0

I am trying to work with a data set that uses the value -4 instead of NA as the NA value. So I have found the following answer, which gets me close but I am not sure how to generalize this?

colnames(data)[colSums(is.na(data)) > 1000]

I tried using funcion(x)which(x <0) in place of is.na(data) but that did not go very well.
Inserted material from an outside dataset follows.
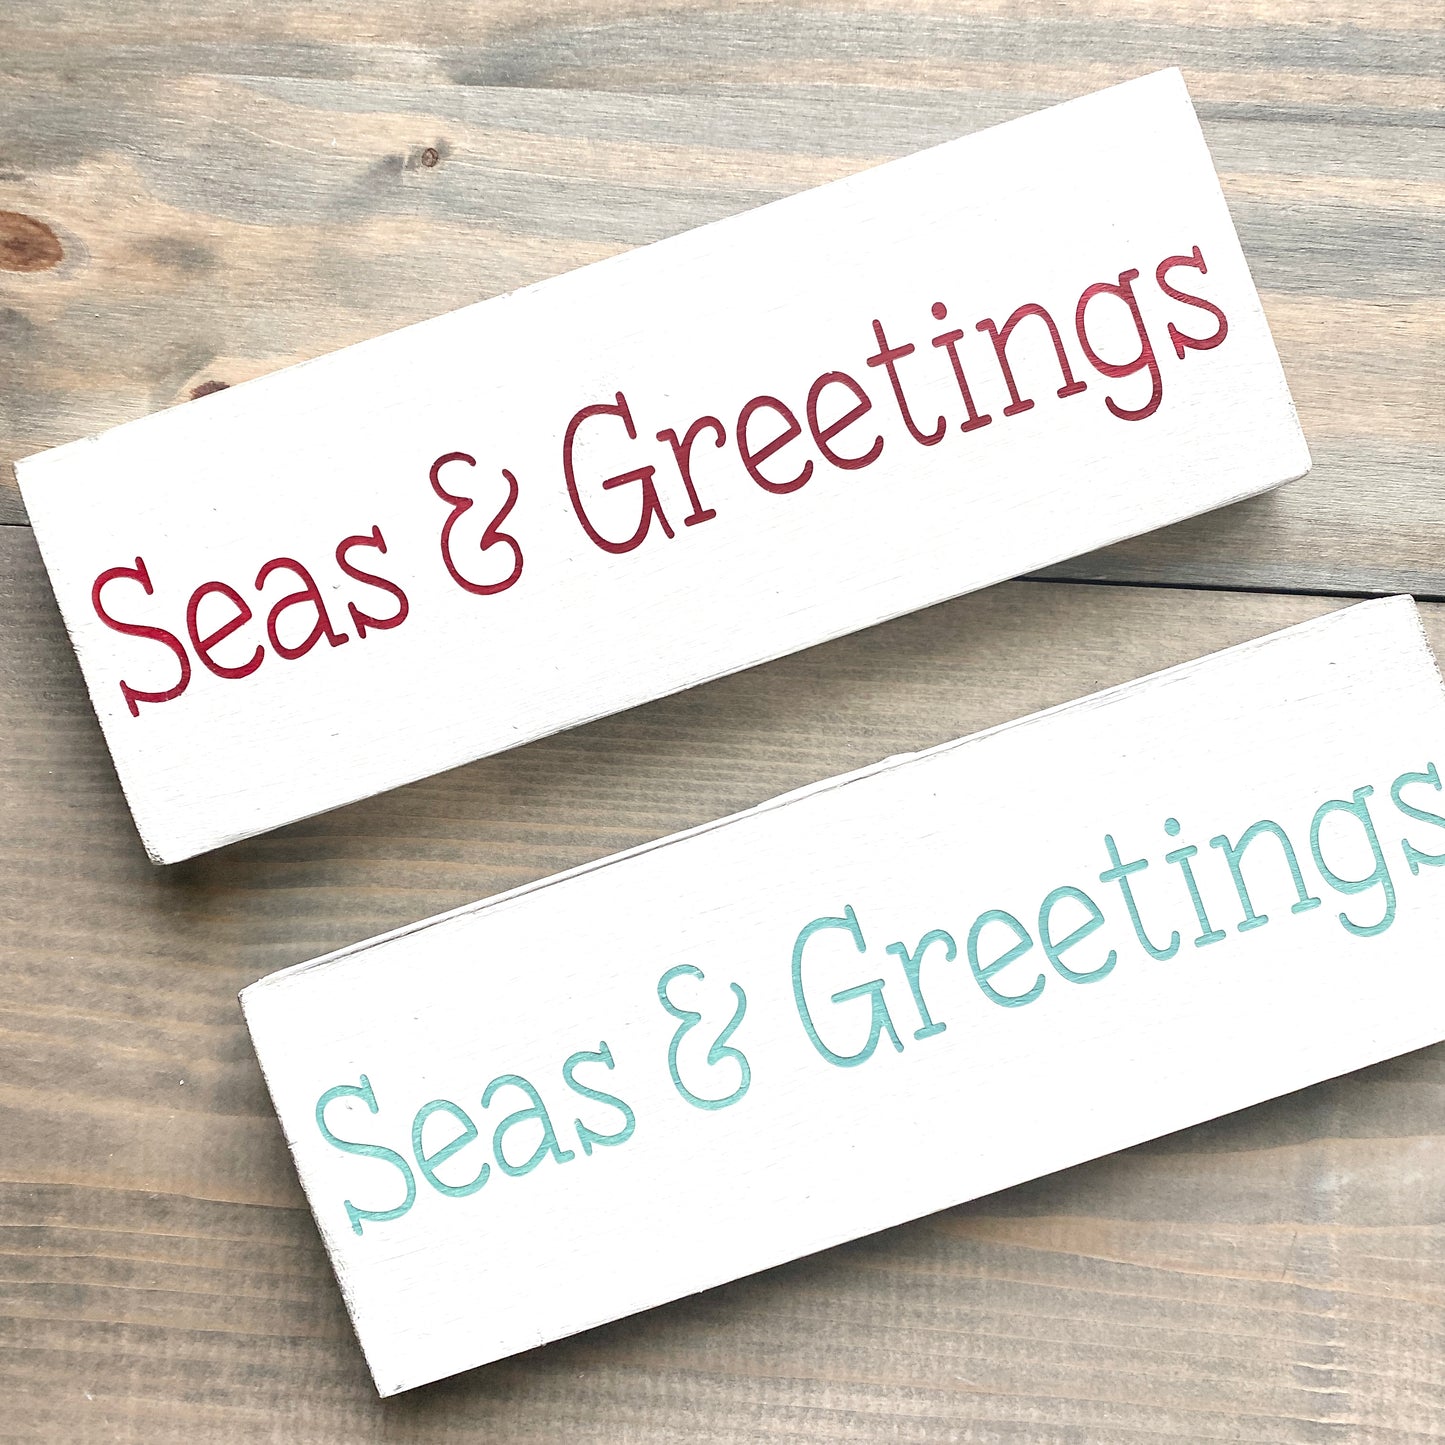 Seas & Greetings Sign

How can I achieve this aim?

Thanks in advance.

TheCodeNovice
  • 466
  • 8
  • 30
  • Is `dplyr::na_if()` what you need? https://dplyr.tidyverse.org/reference/na_if.html – Phil May 11 '21 at 16:08
  • Why don't you first replace these user-defined NAs with proper NAs, as in `data%>%mutate(across(everything(), ~na_if(., -4)))` first, and only then select your data? – GuedesBF May 11 '21 at 23:22

1 Answers1

2

One option using dplyr would be to count all of the -4 values, then select only the columns with a count of over 1000.

library(dplyr)

data %>% 
  summarize_all(~sum(. == -4)) %>% 
  select_if(~. > 1000) %>% 
  colnames()

To be even more explicit, you could convert the -4 values to NA first.

data %>% 
  na_if(-4) %>%
  summarize_all(~sum(is.na(.))) %>% 
  select_if(~. > 1000) %>% 
  colnames()

Or a base solution, slightly modifying your original code to count -4 values rather than NA values.

colnames(data)[colSums(data == -4) > 1000]
nniloc
  • 2,232
  • 2
  • 6
  • 18